Reviews

James Blake
Assume Form

(Polydor)

5/10

Falling in love could be a bad career move for an artist who’s built his reputation around minimal electronic emo. On his fourth album ‘Assume Form’, however, James Blake shrugs off his cloak of isolation and depression to embrace his relationship with actor and DJ Jameela Jamil. The 12 tracks don’t precisely chronicle the Londoner’s newly opened emotions but there’s a quickening of the musical pulse that replaces his erstwhile glacial crawl with a sound approximating soulful warmth.

This is most obvious on ‘Can’t Believe The Way We Flow’, which is built around a sample from R&B vocal group The Manhattans. The harmonies swoon while Blake appears to be pinching himself in disbelief at his good fortune. It’s a technique that’s repeated on ‘I’ll Come Too’, the rhapsodic strings tracking Blake as he promises to follow Jamil from “the brink” to LA.

The brink is one of many references to mental health: on ‘Power On’ he remembers that “I thought I might be better dead / I was wrong” while on ‘Where’s The Catch?’ he’s anxious that “everything’s rose” won’t last. Featuring Outkast’s André 3000, it’s one of four tracks on which he calls in favours after his spate of production credits for A-list stars.

The collaborators may help him to break into the US charts but ‘Mile High’, guesting Travis Scott and Metro Boomin, and ‘Tell Them’, with Moses Sumney, walk perilously close to generic R&B. The use of guest vocalists also creates a disconnect between the vulnerably open lyrics and Blake.

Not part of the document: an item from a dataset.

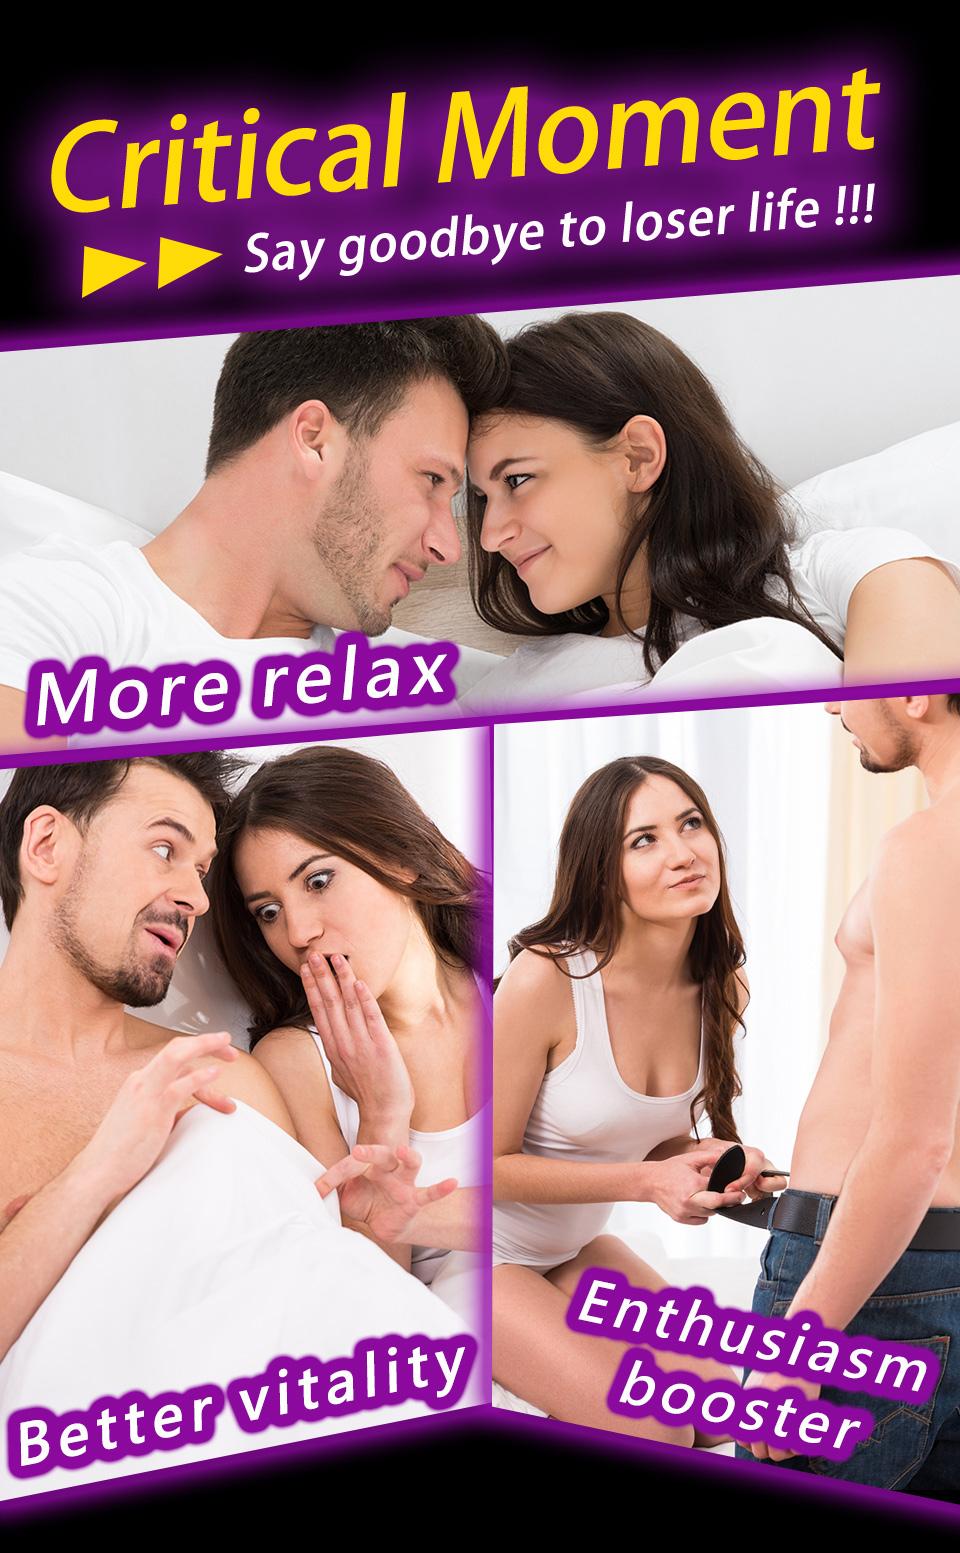 達米阿那讓伴侶間更幸福,性生活更美滿

The exception to this is ‘Barefoot In The Park’, on which flamenco artist Rosalía adds passion to spacious beats and harmonies.

If these tracks have more muscle than usual, his assumed form slides into jazzy piano work that’s contemporised by the sharp beats, jittery percussion and pitch-shifted backing vocals on the title track, ‘Are You In Love?’ and ‘Don’t Miss It’. Their traditional singer-songwriter structure collapses completely on final track ‘Lullaby For My Insomniac’, a woozy haze of synth and layered vocals that finds him content to let go of introspection and let in love.